■ **Problem to solve**
Before you return the lines below, strip out any images and keep every word as written.

■ **Data extract**
● ● ● ● ●

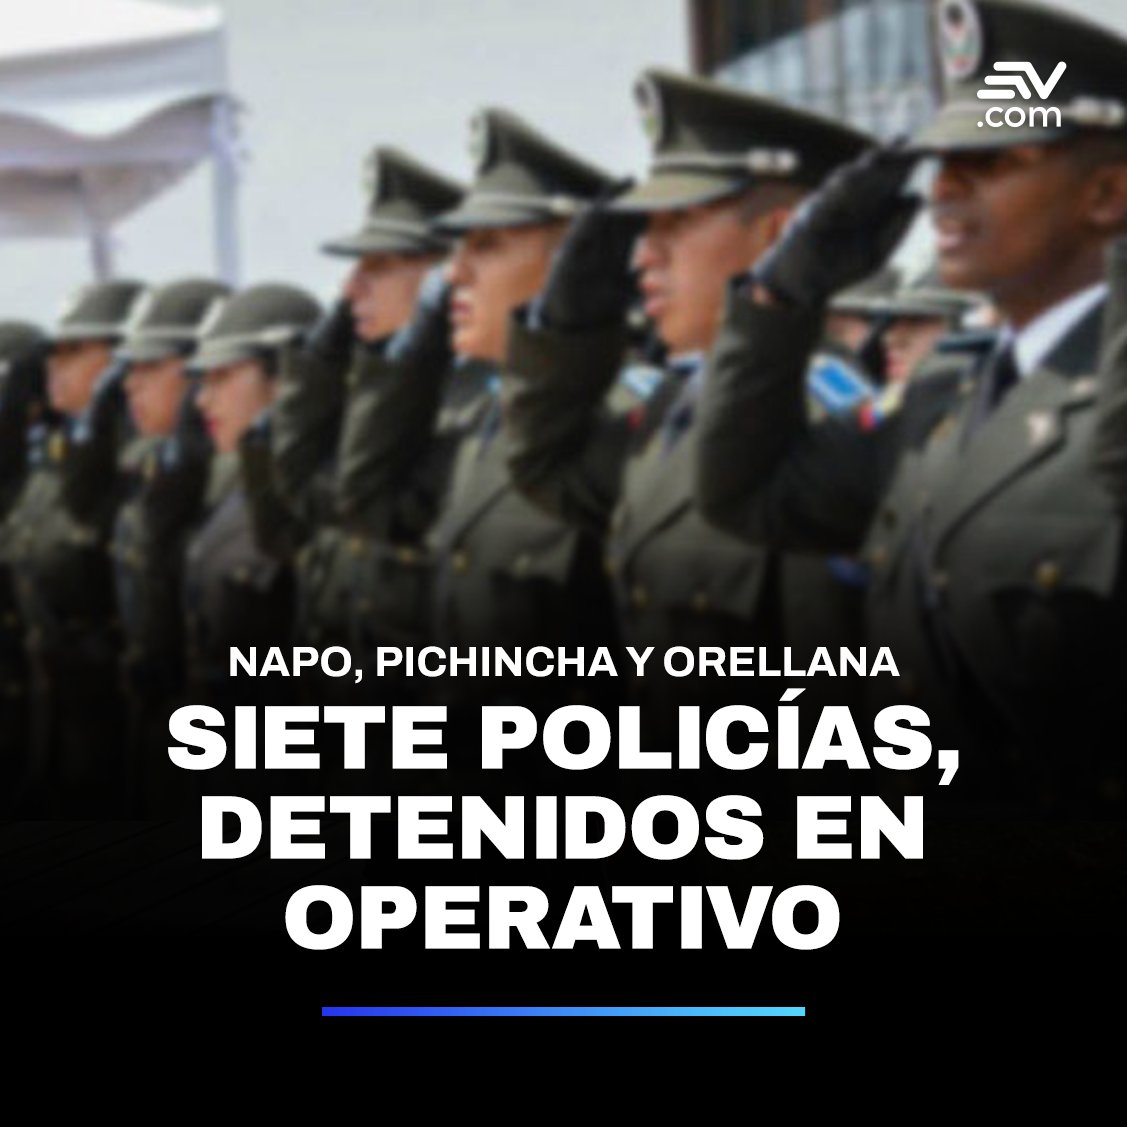 Siete policías y dos civiles fueron detenidos este martes 14 de mayo durante operativos desarrollados en las provincias de Napo, Pichincha y Orellana. Más detalles ▶️ bit.ly/4bgnTvv
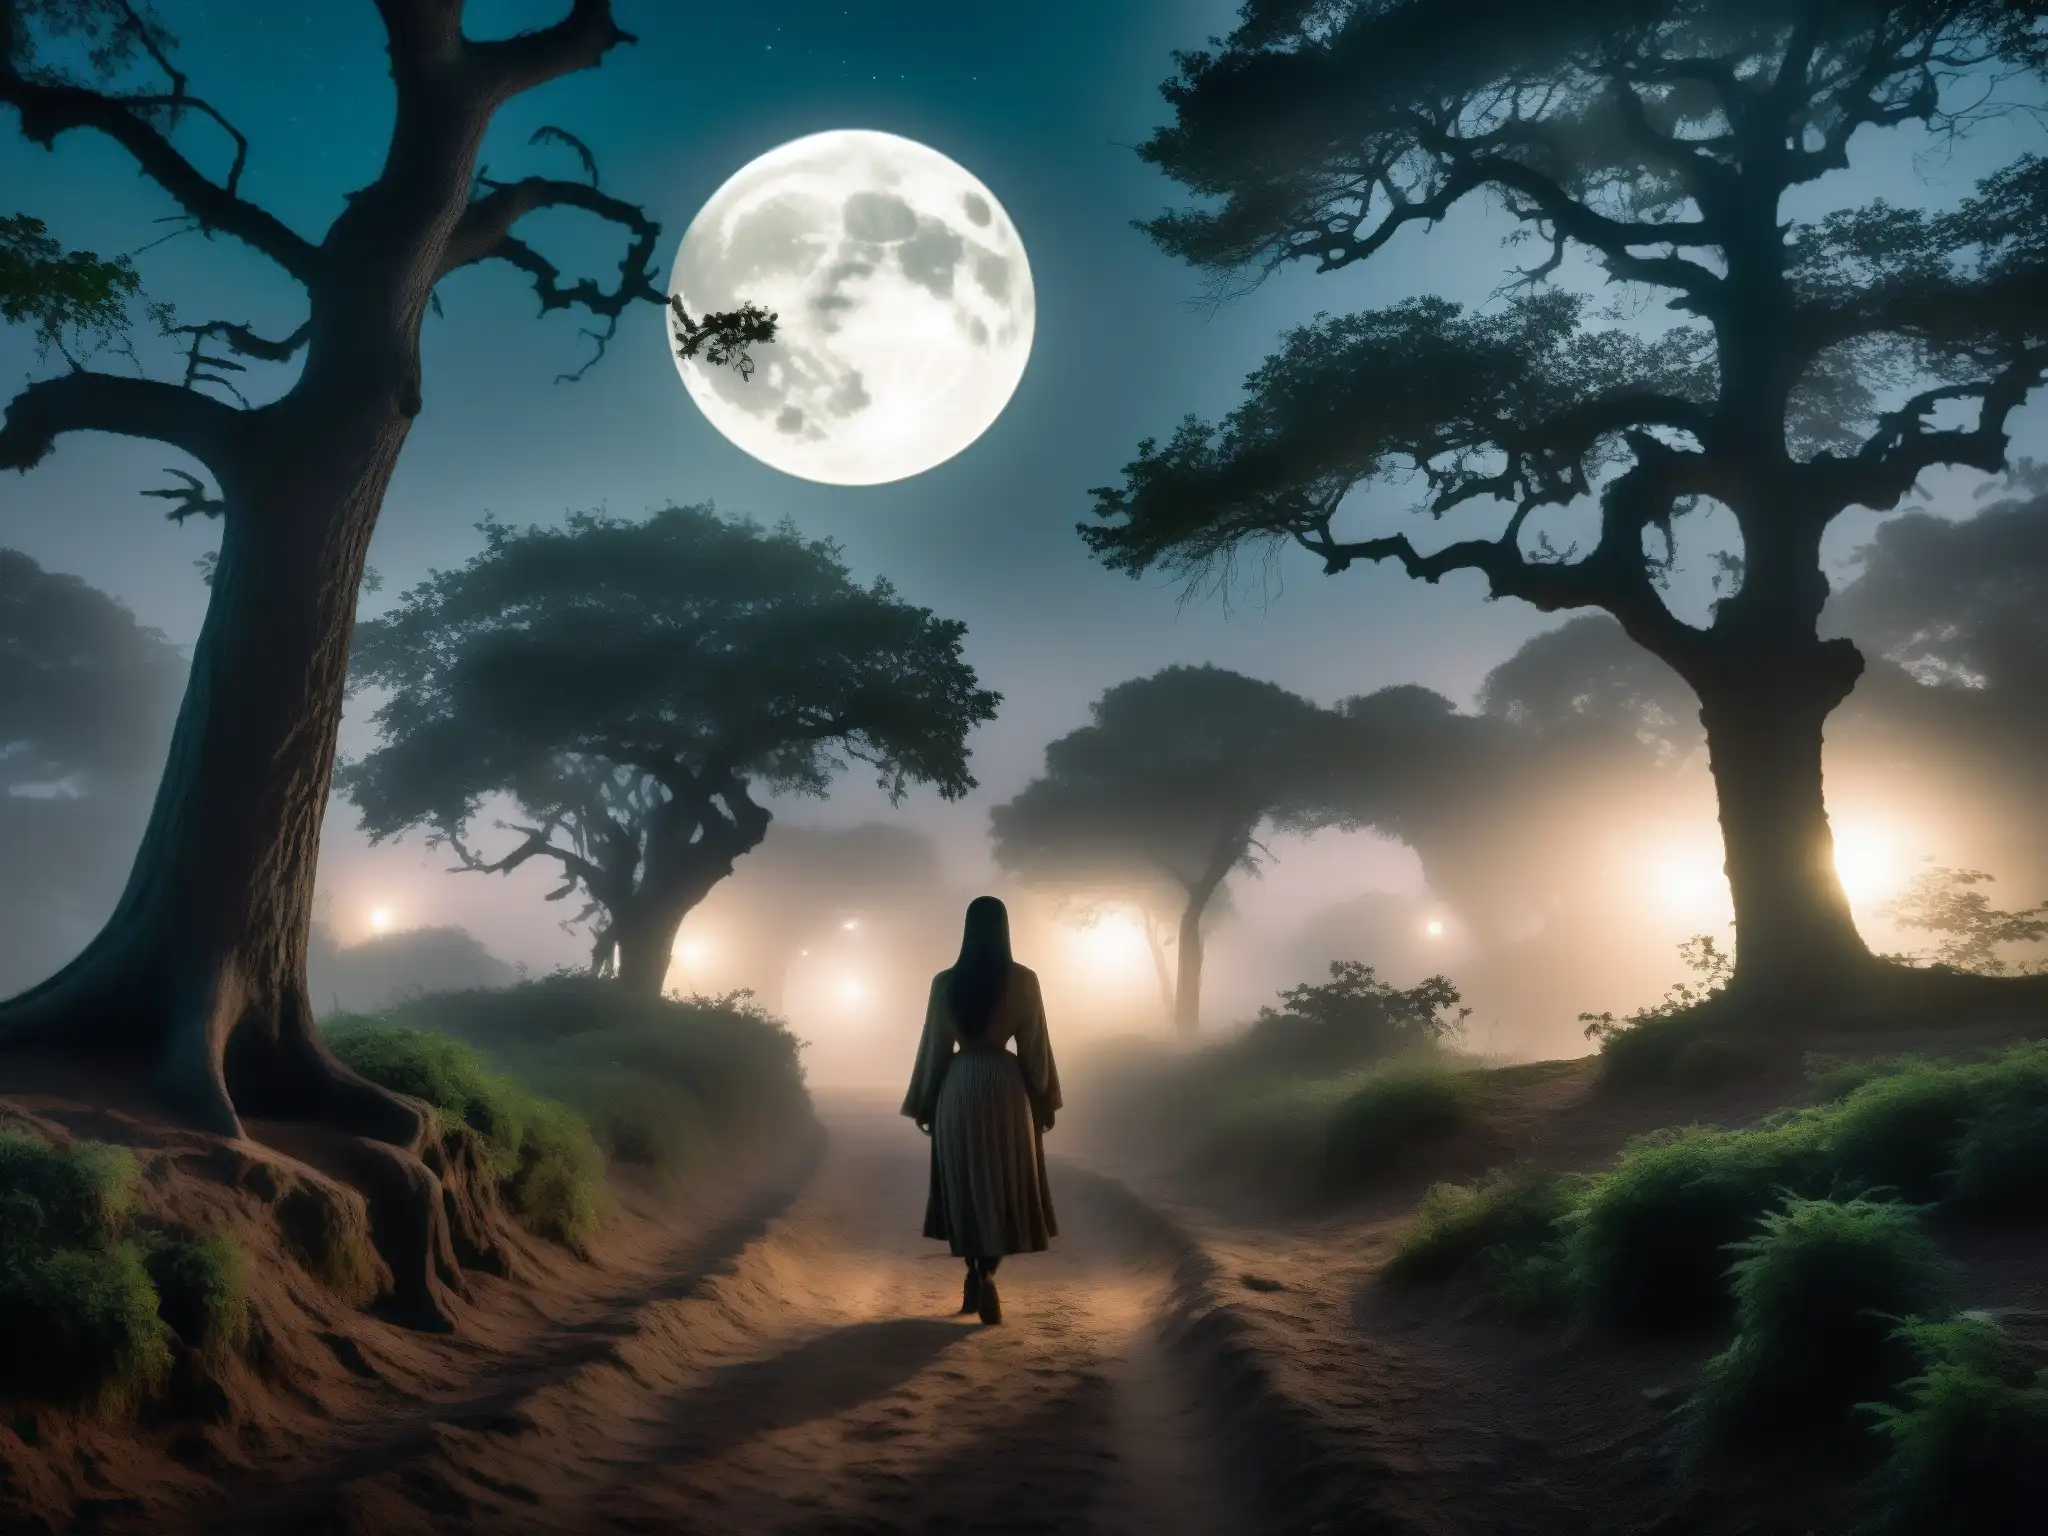 Espeluznante sendero entre árboles retorcidos, con un espíritu acechador en Sanjay Van, envuelto en niebla y misterio bajo la luz de la luna
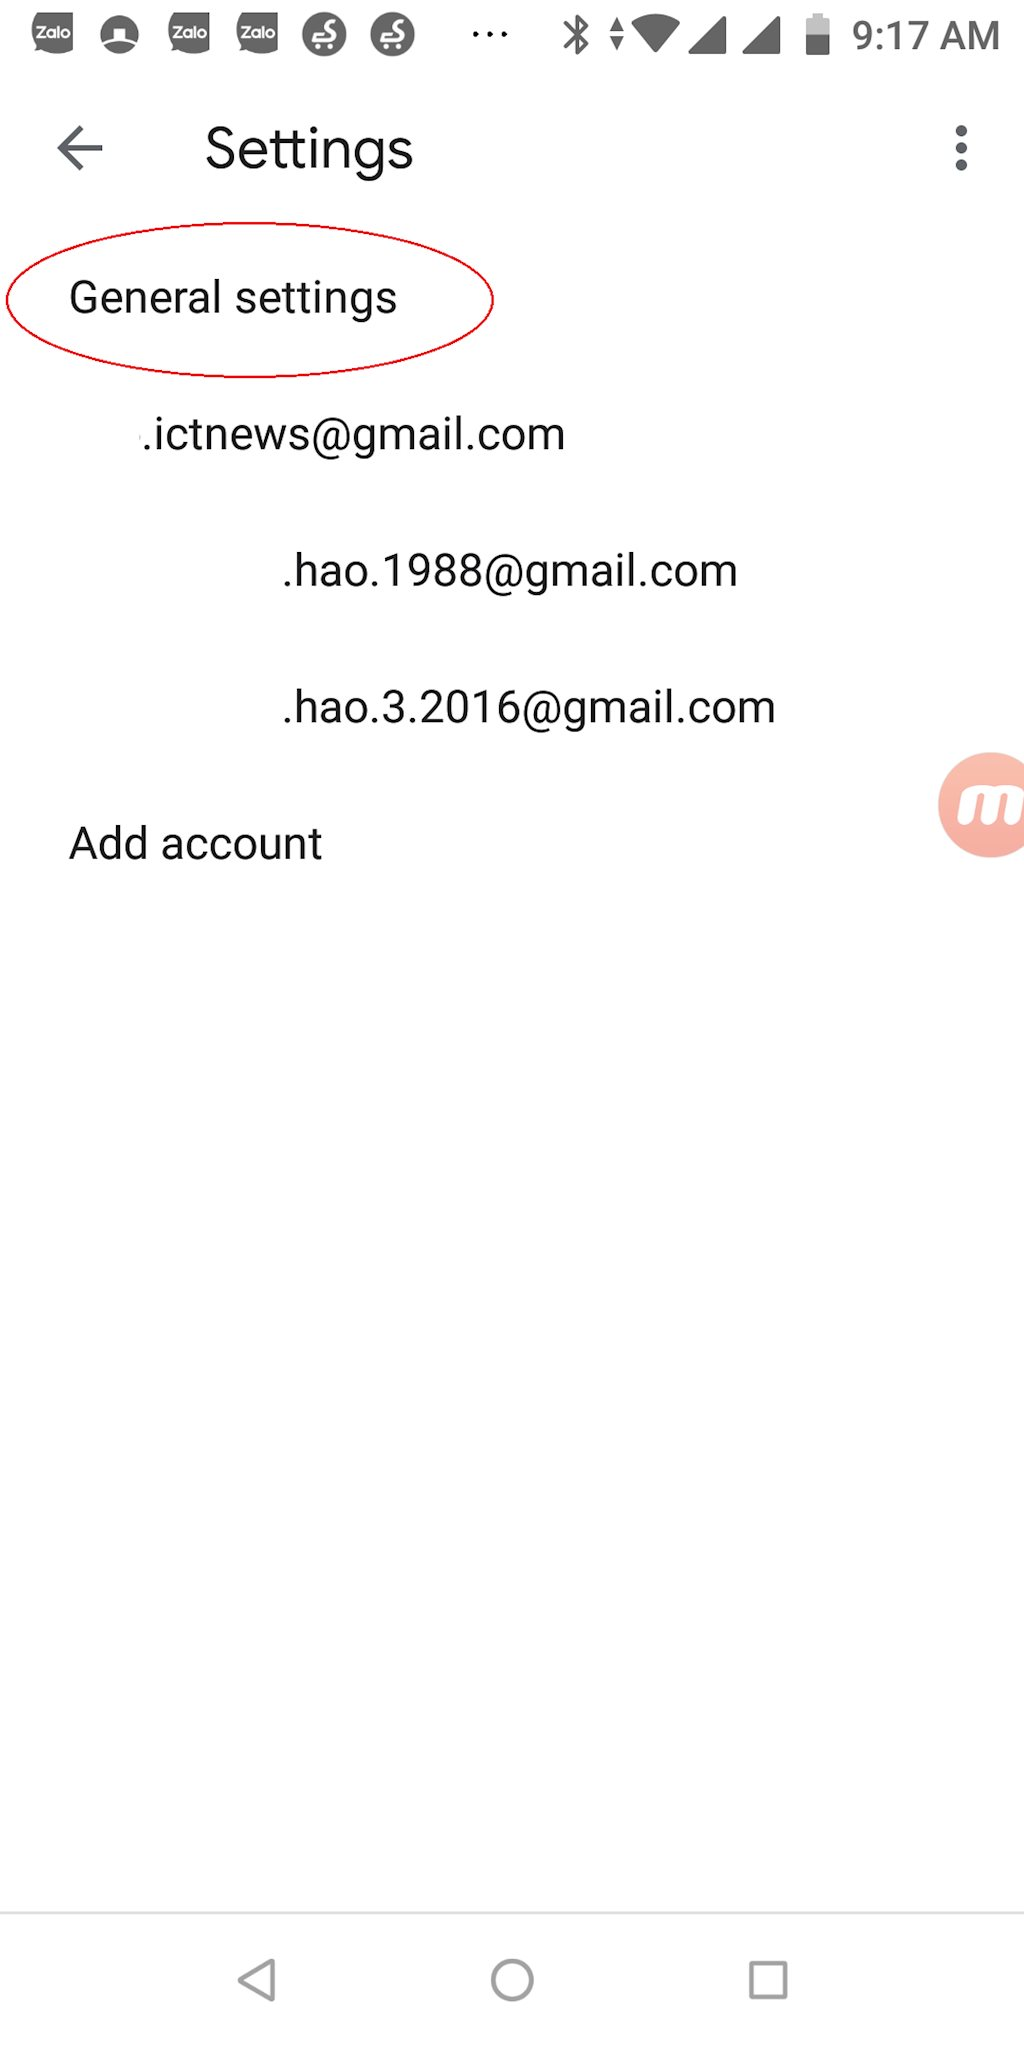 e3-huong-dan-cai-dat-giao-dien-gmail-nen-toi-cach-thay-doi-giao-dien-gmail-dark-mode(1).png

● ● ● ● ●

■ **Task solution**
 Siete policías y dos civiles fueron detenidos este martes 14 de mayo durante operativos desarrollados en las provincias de Napo, Pichincha y Orellana. Más detalles ▶️ bit.ly/4bgnTvv
 Espeluznante sendero entre árboles retorcidos, con un espíritu acechador en Sanjay Van, envuelto en niebla y misterio bajo la luz de la luna
 e3-huong-dan-cai-dat-giao-dien-gmail-nen-toi-cach-thay-doi-giao-dien-gmail-dark-mode(1).png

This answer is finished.